The right way to set compensation is to link the pay to longer-term performance, not a single year. This should apply to both CEO pay and the fees received by hedge fund managers. The alternative compensation scheme, which is based on a five-year average investment performance, for example, is a much better solution than the current one.
Report from WSJ on big pension funds forcing hedge funds to change fee terms:
Calpers, the California public pension fund that is one of the biggest investors in hedge funds, is demanding better terms from funds, including lower prices and “clawbacks” of fees if performance weakens.
The $172 billion pension fund is a bellwether in the money-management business. A Calpers investment can help money managers like hedge funds attract other clients.
The move by the California Public Employees’ Retirement System underscores the changing dynamics between hedge funds and their clients. Just two years ago, investors clamored to get into highflying funds, agreeing to pay fees that in some cases reached 3% of assets and 30% of profits. Lately, hedge funds have come under fire for failing to live up to their promise to perform in good and bad markets.
While other investors are pushing for fee cuts, Calpers, which has $5.9 billion in hedge-fund investments, holds significant clout. “Calpers is the 800-pound gorilla, pushing so much money through the system,” said Eric Roper, chairman of the hedge-fund practice at New York law firm Gersten Savage LLP.
Calpers’s demands were outlined in a March 11 memo sent to the 26 hedge funds and nine funds of hedge funds that do business with Calpers; it was reviewed by The Wall Street Journal.
Some of the hedge funds that manage Calpers money include Tremblant Capital, Atticus Capital and Och-Ziff Capital Management, according to Calpers records and people familiar with the investments. Spokesmen for the funds didn’t comment.
Besides pressure on fees, hedge funds are likely to face closer scrutiny from regulators, threats of higher taxes and more constraints on their trading strategies, after a year of broad-based losses.
Calpers said the changes are “extremely important” and required of “managers wishing to become, or remain” in Calpers’s stable of managers. The pension fund said every hedge fund won’t face the same demands and that it is willing to listen to counterproposals.

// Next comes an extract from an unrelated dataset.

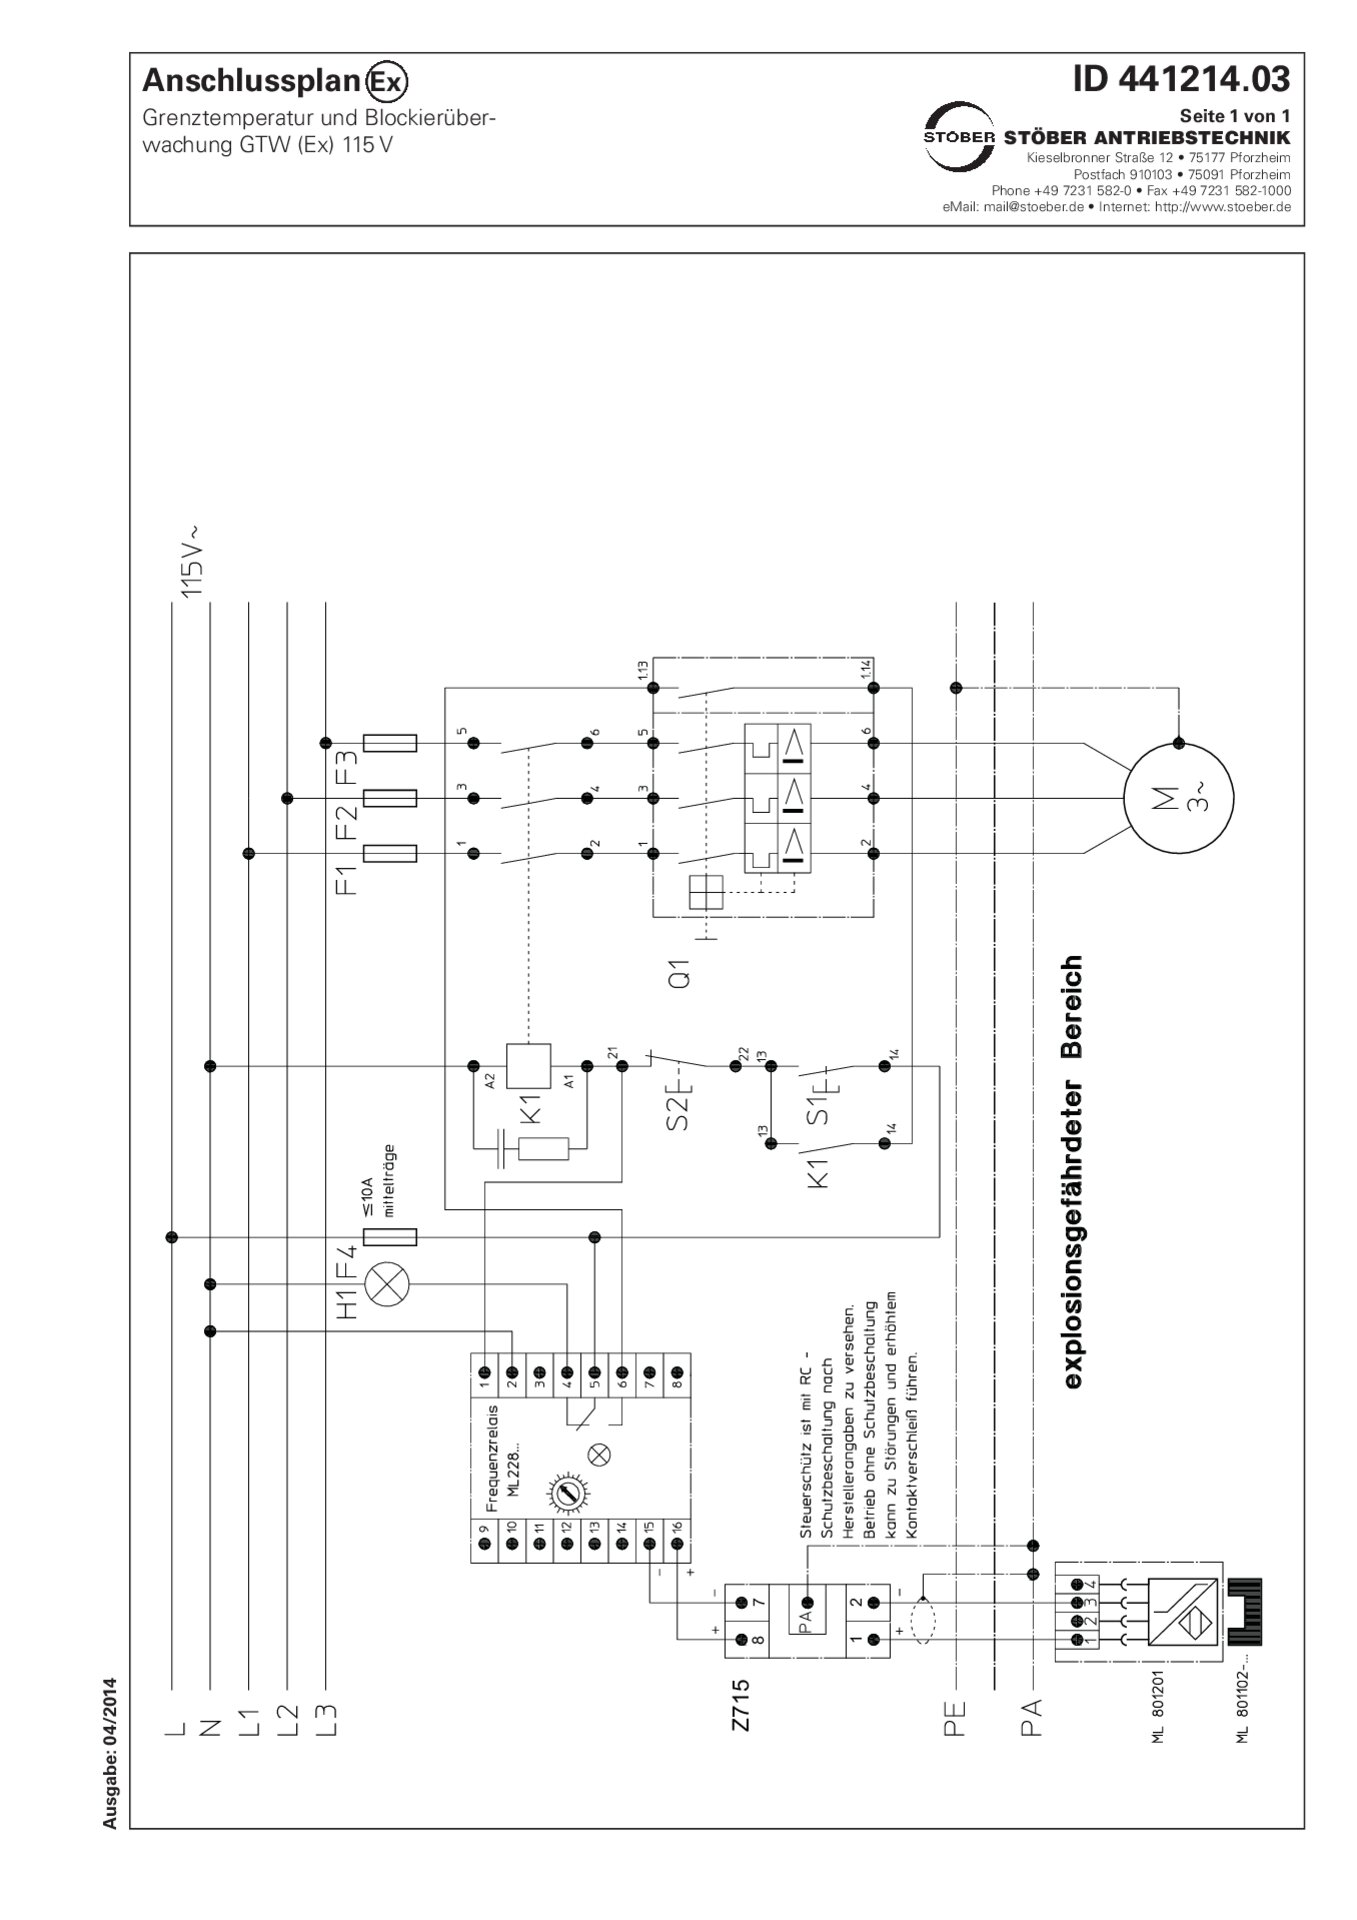 Anschlussplan R17-R86 Grenztemperatur und Blockierüberwachung GTW (Ex) 115 V

One area Calpers is focusing on includes performance fees. Typically they are collected at the end of each year, but Calpers instead wants fees spread out over several years. Calpers also wants clawbacks, which allow clients to recoup fees from previous profitable years after a period of poor performance.
The pension fund also seeks greater control of its investment funds, saying it would explore opening managed accounts. In that scenario, hedge funds would place Calpers’s assets in a separate bucket from other investors’ assets, so if a fund faces an exodus of investors and sought to freeze redemptions, Calpers wouldn’t be limited from withdrawing its funds.
Calpers also wants money managers to disclose every security held in a fund. “The only issue that keeps hedge funds from providing security transparency is their lack of cooperation,” Calpers spokeswoman Pat Macht said in an interview Friday. She said that detailed fund information won’t be made public.
Calpers is basically trying to wield its investment clout to shape its relationship with hedge funds. The memo says Calpers “will no longer invest in managers” that adhere to industry standards with no regard for individual situations. At the same time, Calpers bills the directives as good for hedge funds as well as for institutional investors — a means to “improving the relationship” for the long term.
The sought-after changes would apply to new money added to existing funds and money put into new hedge funds, and will take about a year to implement, Calpers said. None of its hedge funds have formally agreed to the new terms, though discussions have started with most and cooperation appears to be widespread, Ms. Macht says.
Calpers’s demands come as other institutional investors are issuing similar requests in an effort to upend industry protocols. In January, the Utah Retirement Systems circulated a four-page letter to 40 hedge fund managers, and to many like-minded investors, that called for similar changes.
“We clearly are on the same page with regards to most issues,” said Larry Powell, deputy chief investment officer for the Utah fund, referring to the Calpers memo.